Task brief: The reply must return each line of the data exactly.

Data extract:
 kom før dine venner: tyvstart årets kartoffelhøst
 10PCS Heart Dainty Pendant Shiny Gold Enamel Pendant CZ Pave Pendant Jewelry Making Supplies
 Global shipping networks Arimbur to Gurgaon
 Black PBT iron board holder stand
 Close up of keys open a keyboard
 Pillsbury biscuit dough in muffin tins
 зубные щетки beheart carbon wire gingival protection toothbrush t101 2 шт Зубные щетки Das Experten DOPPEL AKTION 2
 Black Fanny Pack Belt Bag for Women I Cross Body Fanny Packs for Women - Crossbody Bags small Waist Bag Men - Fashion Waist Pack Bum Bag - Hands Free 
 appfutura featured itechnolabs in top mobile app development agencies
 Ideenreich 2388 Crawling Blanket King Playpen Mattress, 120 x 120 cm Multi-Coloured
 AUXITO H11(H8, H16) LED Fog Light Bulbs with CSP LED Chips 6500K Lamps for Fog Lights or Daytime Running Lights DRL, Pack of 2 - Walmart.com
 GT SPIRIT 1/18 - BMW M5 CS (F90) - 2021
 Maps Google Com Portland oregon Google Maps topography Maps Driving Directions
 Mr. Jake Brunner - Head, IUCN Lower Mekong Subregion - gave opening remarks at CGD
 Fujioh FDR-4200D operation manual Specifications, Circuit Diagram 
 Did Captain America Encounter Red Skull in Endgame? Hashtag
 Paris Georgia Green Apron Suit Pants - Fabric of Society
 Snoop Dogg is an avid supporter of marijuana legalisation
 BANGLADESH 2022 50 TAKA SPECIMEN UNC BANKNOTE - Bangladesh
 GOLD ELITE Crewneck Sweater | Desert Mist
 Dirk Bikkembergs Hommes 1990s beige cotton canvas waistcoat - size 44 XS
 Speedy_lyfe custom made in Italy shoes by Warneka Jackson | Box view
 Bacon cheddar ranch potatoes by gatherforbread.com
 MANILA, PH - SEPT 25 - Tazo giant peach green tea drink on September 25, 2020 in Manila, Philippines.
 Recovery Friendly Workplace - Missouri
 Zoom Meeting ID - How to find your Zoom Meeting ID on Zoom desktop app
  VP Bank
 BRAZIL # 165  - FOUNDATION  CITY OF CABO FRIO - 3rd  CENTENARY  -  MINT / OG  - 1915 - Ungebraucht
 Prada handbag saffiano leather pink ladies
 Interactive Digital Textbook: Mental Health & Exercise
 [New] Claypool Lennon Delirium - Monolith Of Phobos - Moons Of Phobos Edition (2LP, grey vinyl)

Written solution:
 kom før dine venner: tyvstart årets kartoffelhøst
 10PCS Heart Dainty Pendant Shiny Gold Enamel Pendant CZ Pave Pendant Jewelry Making Supplies
 Global shipping networks Arimbur to Gurgaon
 Black PBT iron board holder stand
 Close up of keys open a keyboard
 Pillsbury biscuit dough in muffin tins
 зубные щетки beheart carbon wire gingival protection toothbrush t101 2 шт Зубные щетки Das Experten DOPPEL AKTION 2
 Black Fanny Pack Belt Bag for Women I Cross Body Fanny Packs for Women - Crossbody Bags small Waist Bag Men - Fashion Waist Pack Bum Bag - Hands Free 
 appfutura featured itechnolabs in top mobile app development agencies
 Ideenreich 2388 Crawling Blanket King Playpen Mattress, 120 x 120 cm Multi-Coloured
 AUXITO H11(H8, H16) LED Fog Light Bulbs with CSP LED Chips 6500K Lamps for Fog Lights or Daytime Running Lights DRL, Pack of 2 - Walmart.com
 GT SPIRIT 1/18 - BMW M5 CS (F90) - 2021
 Maps Google Com Portland oregon Google Maps topography Maps Driving Directions
 Mr. Jake Brunner - Head, IUCN Lower Mekong Subregion - gave opening remarks at CGD
 Fujioh FDR-4200D operation manual Specifications, Circuit Diagram 
 Did Captain America Encounter Red Skull in Endgame? Hashtag
 Paris Georgia Green Apron Suit Pants - Fabric of Society
 Snoop Dogg is an avid supporter of marijuana legalisation
 BANGLADESH 2022 50 TAKA SPECIMEN UNC BANKNOTE - Bangladesh
 GOLD ELITE Crewneck Sweater | Desert Mist
 Dirk Bikkembergs Hommes 1990s beige cotton canvas waistcoat - size 44 XS
 Speedy_lyfe custom made in Italy shoes by Warneka Jackson | Box view
 Bacon cheddar ranch potatoes by gatherforbread.com
 MANILA, PH - SEPT 25 - Tazo giant peach green tea drink on September 25, 2020 in Manila, Philippines.
 Recovery Friendly Workplace - Missouri
 Zoom Meeting ID - How to find your Zoom Meeting ID on Zoom desktop app
  VP Bank
 BRAZIL # 165  - FOUNDATION  CITY OF CABO FRIO - 3rd  CENTENARY  -  MINT / OG  - 1915 - Ungebraucht
 Prada handbag saffiano leather pink ladies
 Interactive Digital Textbook: Mental Health & Exercise
 [New] Claypool Lennon Delirium - Monolith Of Phobos - Moons Of Phobos Edition (2LP, grey vinyl)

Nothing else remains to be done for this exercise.